Two phases of the three phase Keystone XL project have already been completed. Failing to get a permit to finish the pipeline has caused the Canadian government to state that if they cannot get their products to refineries in the U.S. south they will build the pipeline to the west coast of Canada to sell to China. The Keystone XL would not have only created tens of thousands of U.S. jobs, but would have also helped the U.S. achieve independence from Middle East oil and the OPEC-manipulated crude oil market.

In November 2011 the Obama Administration announced they would delay a decision on the Keystone XL pipeline until after the 2012 election, but just a month ago House Republicans were hailing their success in forcing a decision on Keystone by February 21, 2012 as part of the payroll tax cut extension. Obama called their bluff.

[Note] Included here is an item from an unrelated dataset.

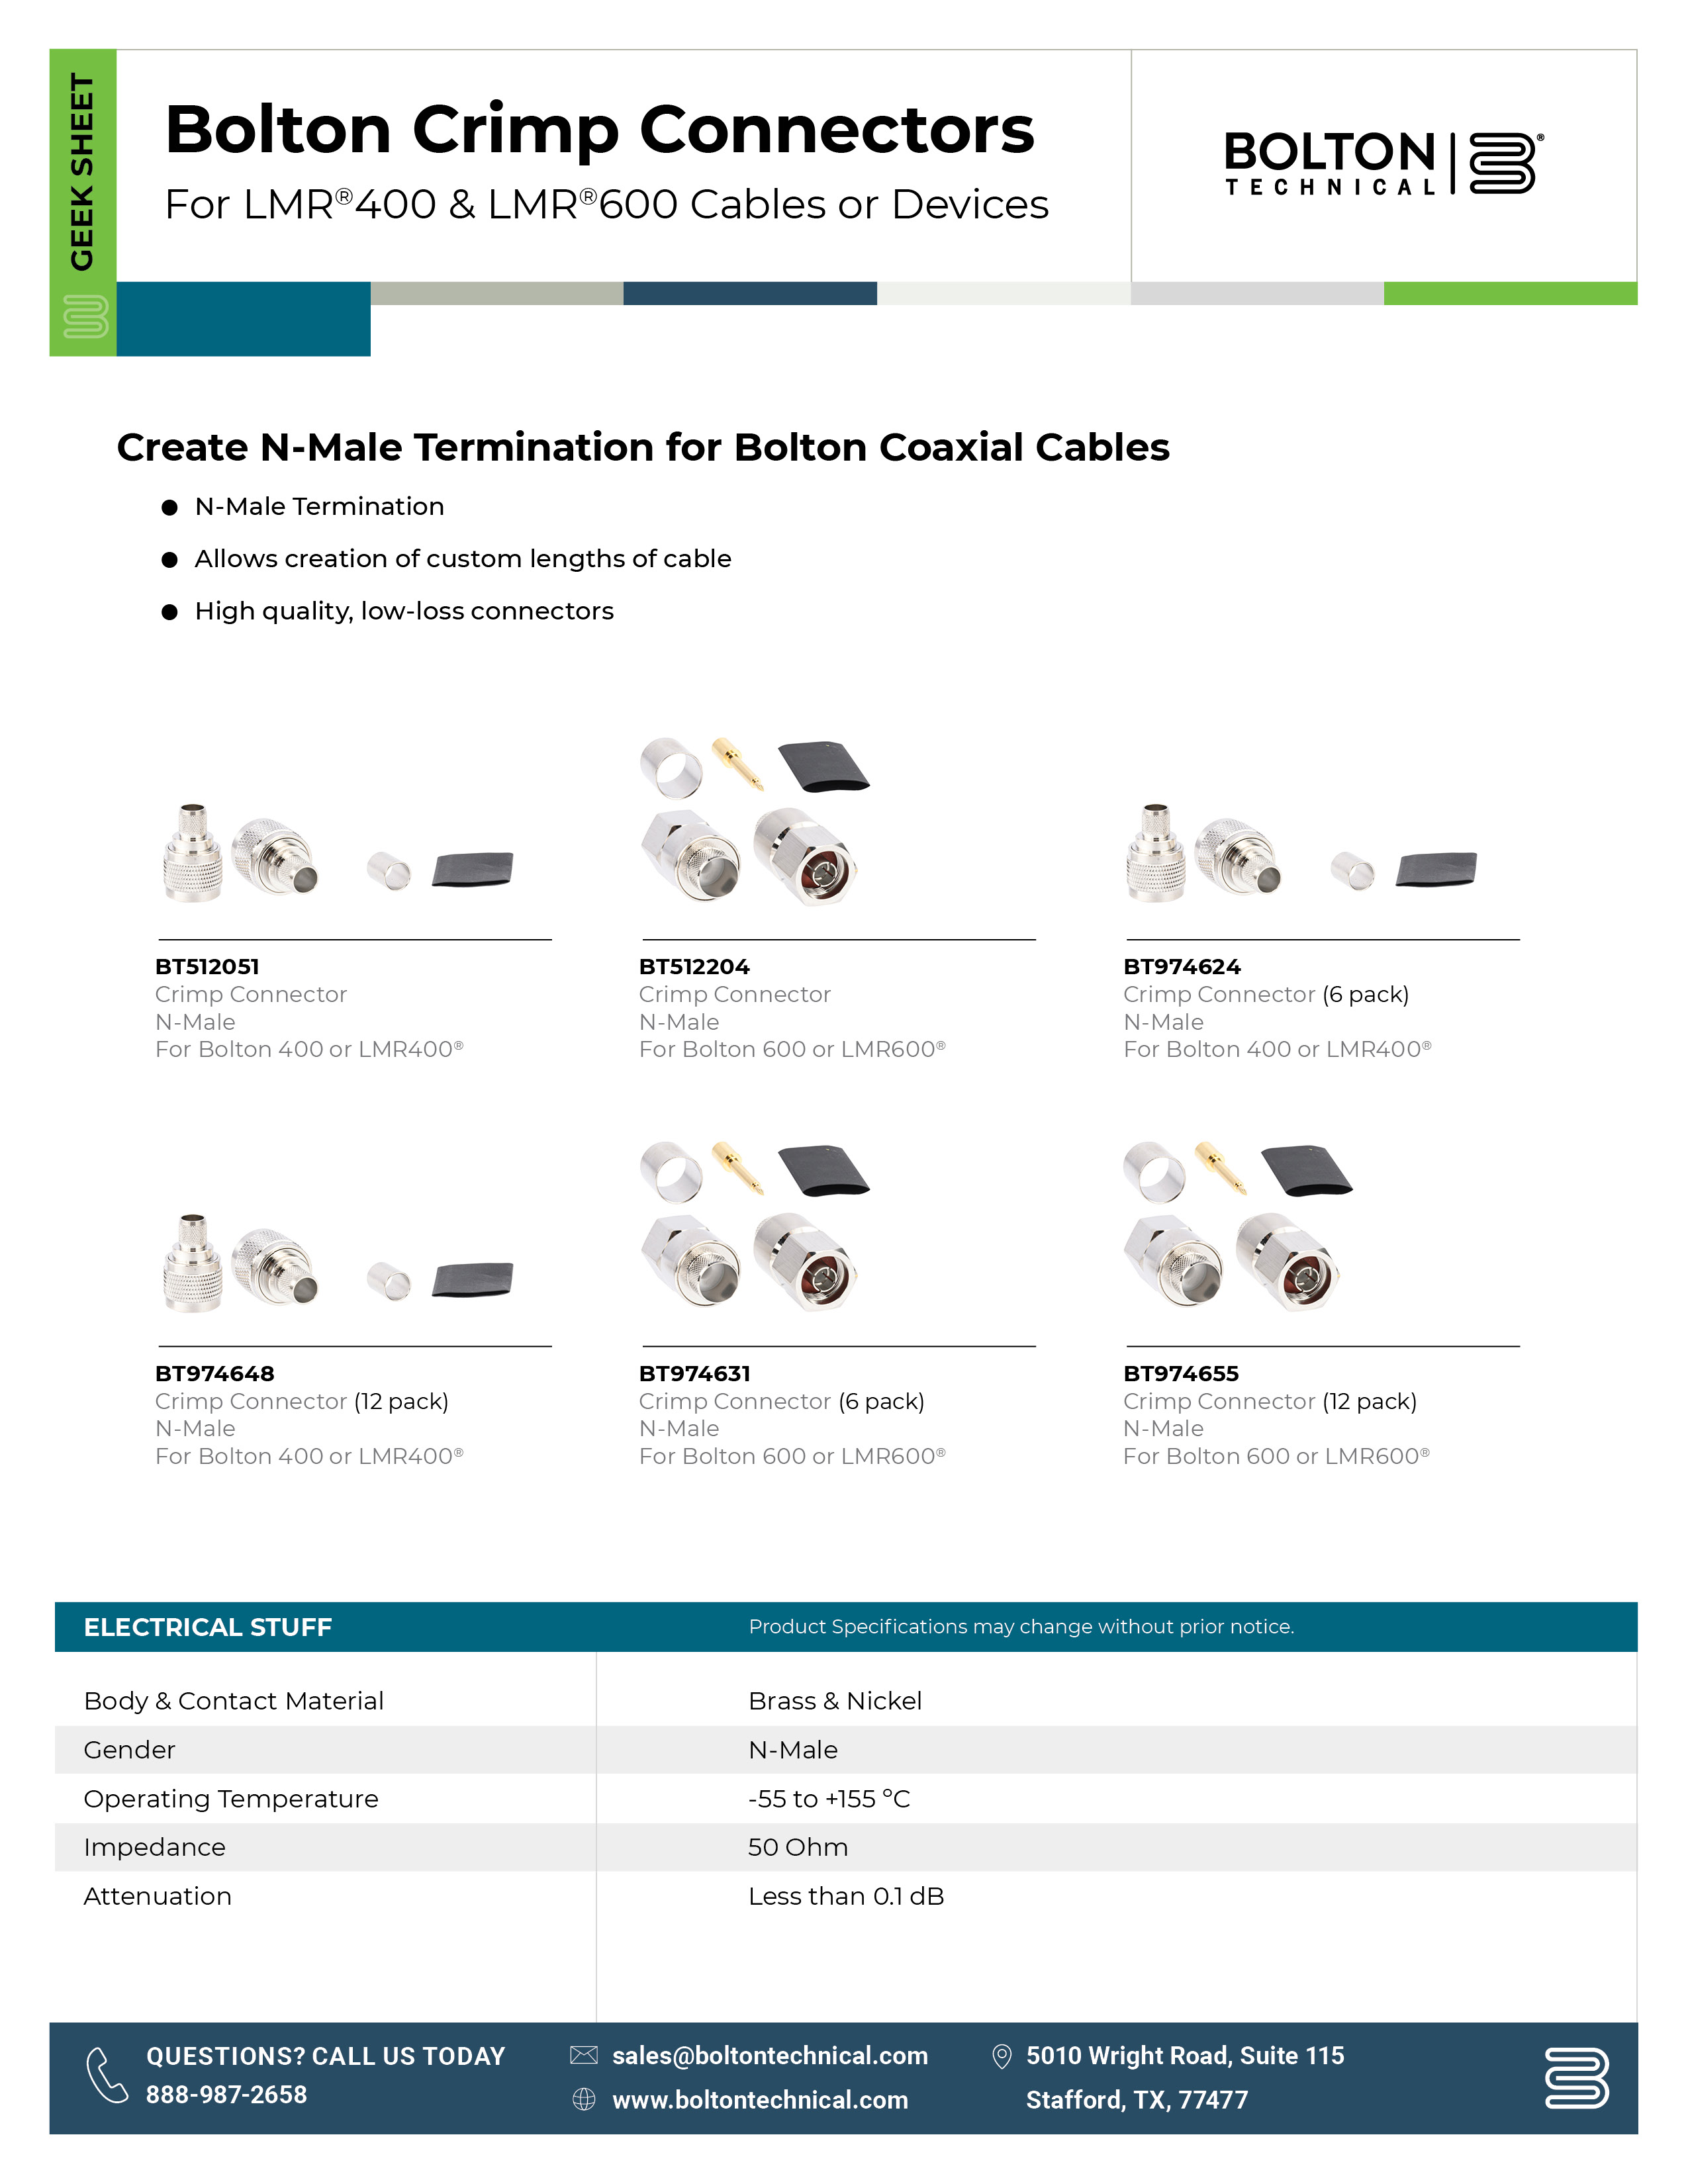 Crimp Connector Specifications

A small fraction of Obama’s base, primarily the most extreme environmentalists, have implored the president to deny the Keystone permits; but supporting the environmentalists meant turning away from his union allies which have broadly favored Keystone. Delaying the decision allowed Obama to keep both the environmental radicals and the unions in his back pocket.   Republicans believed that if forced to choose Obama would choose the the unions which provide him and his party with millions of dollars and thousands of foot soldiers.  They were wrong.

Both Republicans and Democrats support Keystone

The Keystone XL project is very popular in America and has strong support on Capitol Hill; a majority of Republicans and Democrats have agreed that the project is good for the country, but Obama decided that catering to the most radical of his base is the lesser of two evils; but is it?

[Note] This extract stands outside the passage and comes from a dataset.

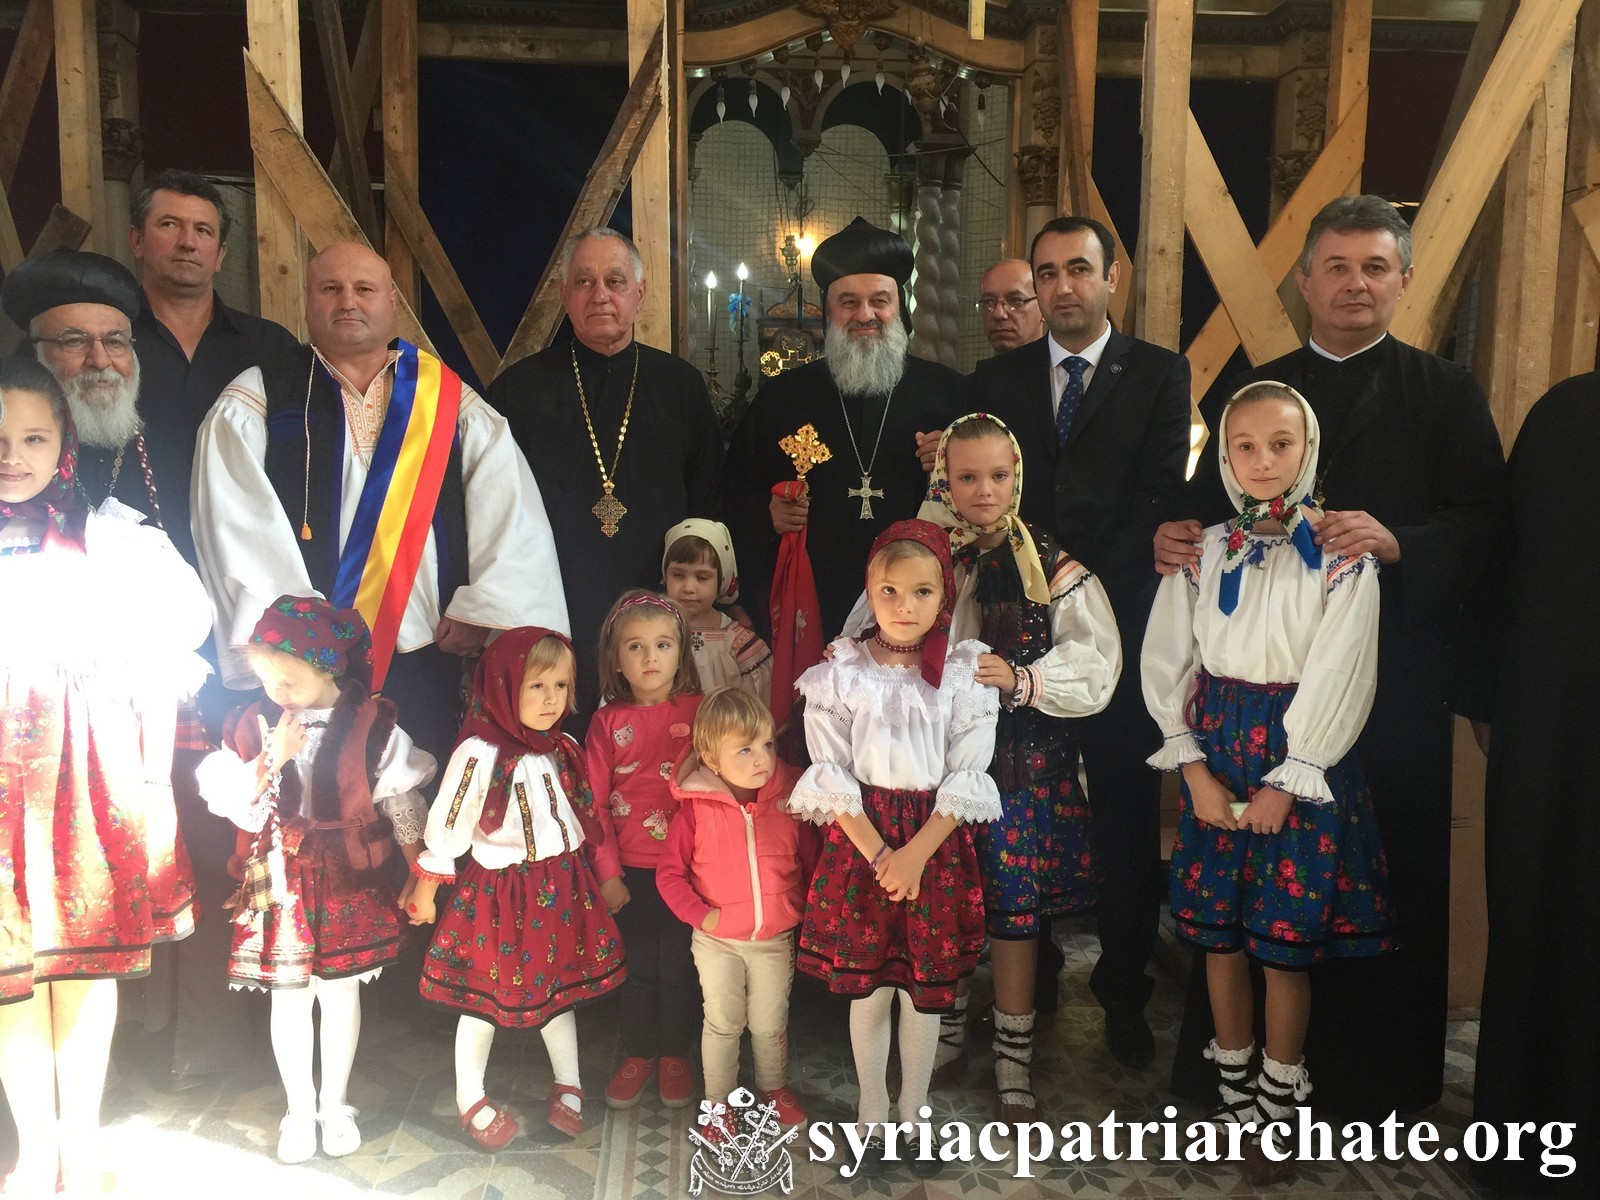 Patriarch Mor Ignatius Aphrem II Visits St. Michael & St. Gabriel Monastery and the Merry Cemetry in Romania

With the current economic difficulties and heading into a re-election bid the last thing the president needed to do was add another arrow to the Republican’s quiver. Cancelling the Keystone XL project is likely to cost Mr. Obama far more votes than he will gain. While the president’s “shovel ready” projects from his stimulus programs turned out to be not-so-shovel-ready, the Keystone XL project is truly shovel-ready. With the true unemployment rate being somewhere in excess of 10 percent (when you actually factor in those that have given up looking,) casting away a minimum of 20,000 well-paying jobs will now be front-and-center in the fall election. What is this man thinking?

If the Canadians go forward with their threat to the Keystone cancellation gasoline prices in the U.S. will continue to head higher.  Higher fuel prices will further slow economic growth which is Obama’s greatest weakness.  You must assume the president is more concerned about his liberal agenda than re-election or he’s completely politically deaf-and-dumb and his advisors are not serving him well.